Natürlich haben wir hier höchste Sicherheitsvorkehrungen: Wir machen Personenchecks, überprüfen Taschen. Wir haben auch Veranstaltungen, bei denen wir sogar Personen durchleuchten und Detektoren anwenden. Wir sperren sehr genau die Backstage-Räume ab und haben Sicherheitspersonal mit langjähriger Erfahrung. Wir haben ein ausführliches Sicherheitskonzept und wir haben auch sehr häufig Polizei vor Ort, zum Beispiel bei Eishockey-Spielen. Wir haben ein detailliertes Evakuierungskonzept und die nächste große Polzeitstation ist 200 Meter von der Arena entfernt. Das sind alles Dinge, die helfen. Doch es wäre vermessen zu sagen, dass wir für den Fall eines bewaffneten Angriffs eine Lösung hätten.
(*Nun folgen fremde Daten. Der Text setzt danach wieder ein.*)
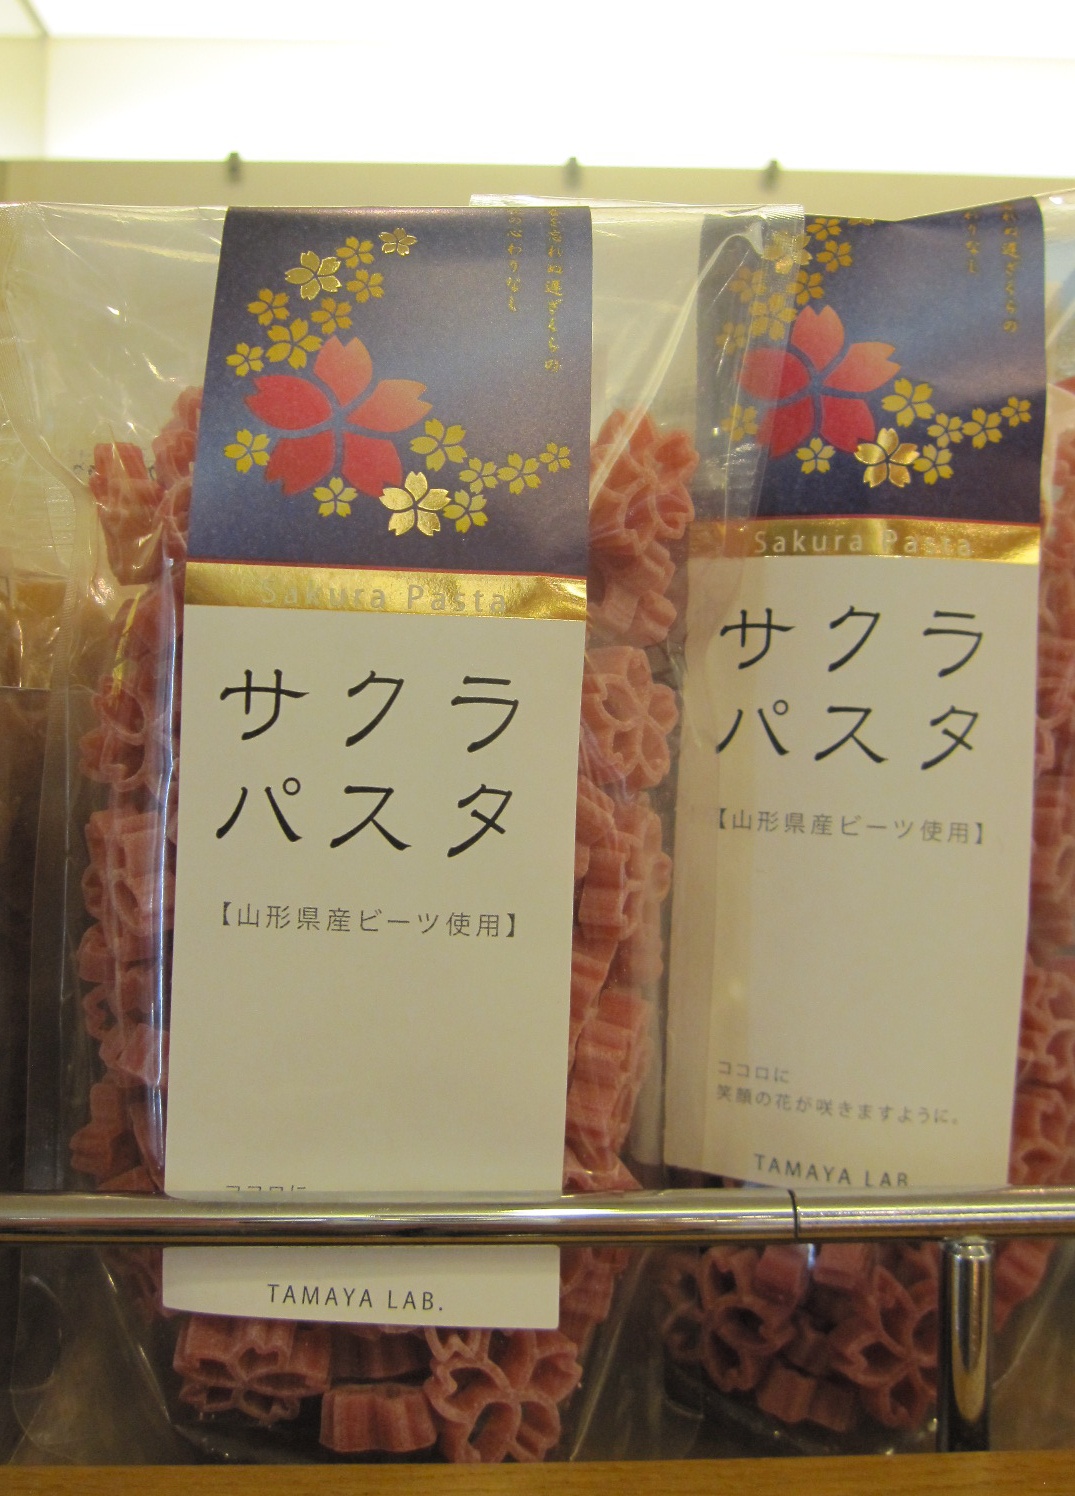 3. Sakura Pasta
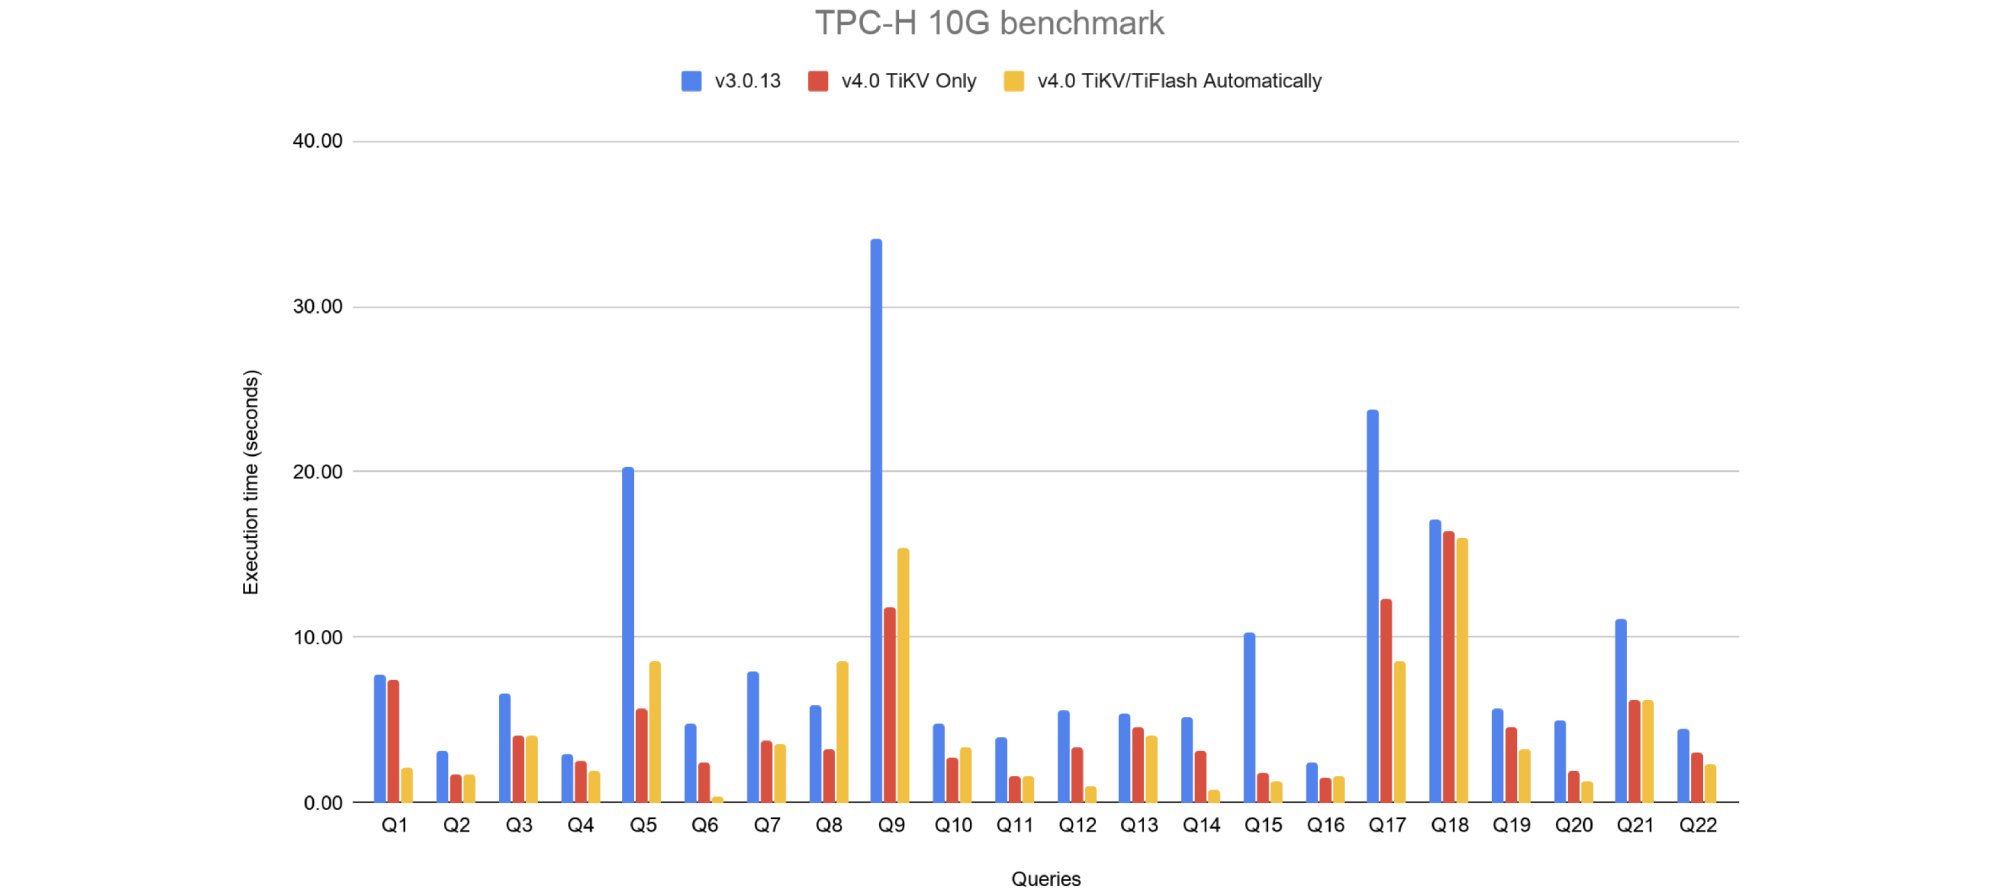 TiDB 3.0 vs. 4.0 for TPC-H

Die 100-prozentige Sicherheit hat niemand, das haben die letzten 10, 20 Jahre gezeigt.

Bataclan Paris 2
Die Konzerthalle Bataclan in ParisBild: Lari Lucien

Sie sagen also, dass dann andere Stellen am Zug wären?

Die Frage ist doch: Wie gehst Du mit einem bewaffneten Menschen um? Indem Du selber bewaffnet bist. Unsere Security darf sich nicht bewaffnen. Um diese Gefahr also wirklich eingrenzen zu können, brauchen wir öffentlichen Schutz. Da gibt es nur die Polizei, die Bundeswehr darf es aktuell nicht.

Frankreich Terror in Paris Bataclan Opfer
Polizisten mit einer Überlebenden des Terror-Anschlags auf die KonzerthalleBild: Getty Images/AFP/K. Tribouillard

Gibt es denn konkrete Maßnahmen, die sie als Reaktion auf die Ereignisse in Paris ergreifen?

Wir haben ohnehin einen sehr hohen Sicherheitsstandard. Es ist ja keine neue Erkenntnis, dass so etwas immer passieren kann. Das ist nicht völlig neu. Die Sicherheits-Standards in den öffentlichen Arenen sind sehr hoch. Die Checks am Körper wird man wohl noch einmal ausweiten

Werden Veranstaltungen in ihrer Arena nun abgesagt?

Es liegt bis dato keine diesbezügliche Information vor und ich gehe auch nicht davon aus.

Am 02.12.2015 spielt die deutsche Folkrock-Band Santiano bei Ihnen, die auch häufig bei Heavy-Metal-Events auftritt. Gibt es aus Ihrer Sicht ein höheres Risiko für Zwischenfälle bei dieser Veranstaltung?

Auf gar keinen Fall. Ich glaube, in Paris war es reiner Zufall, dass die Attentäter bei einem Metal-Konzert waren. Da geht es nicht um das Musik-Genre. Man hat sich vermutlich den Tag ausgesucht, weil es das Länderspiel gab. Die genauen Beweggründe wissen wir nicht. Aber ich glaube, dass es überhaupt keine Verbindung zu dem konkreten Konzert gab. Da hätte auch eine ganz andere Band spielen können.

Stefan Löcher ist Geschäftsführer der Lanxess-Arena in Köln.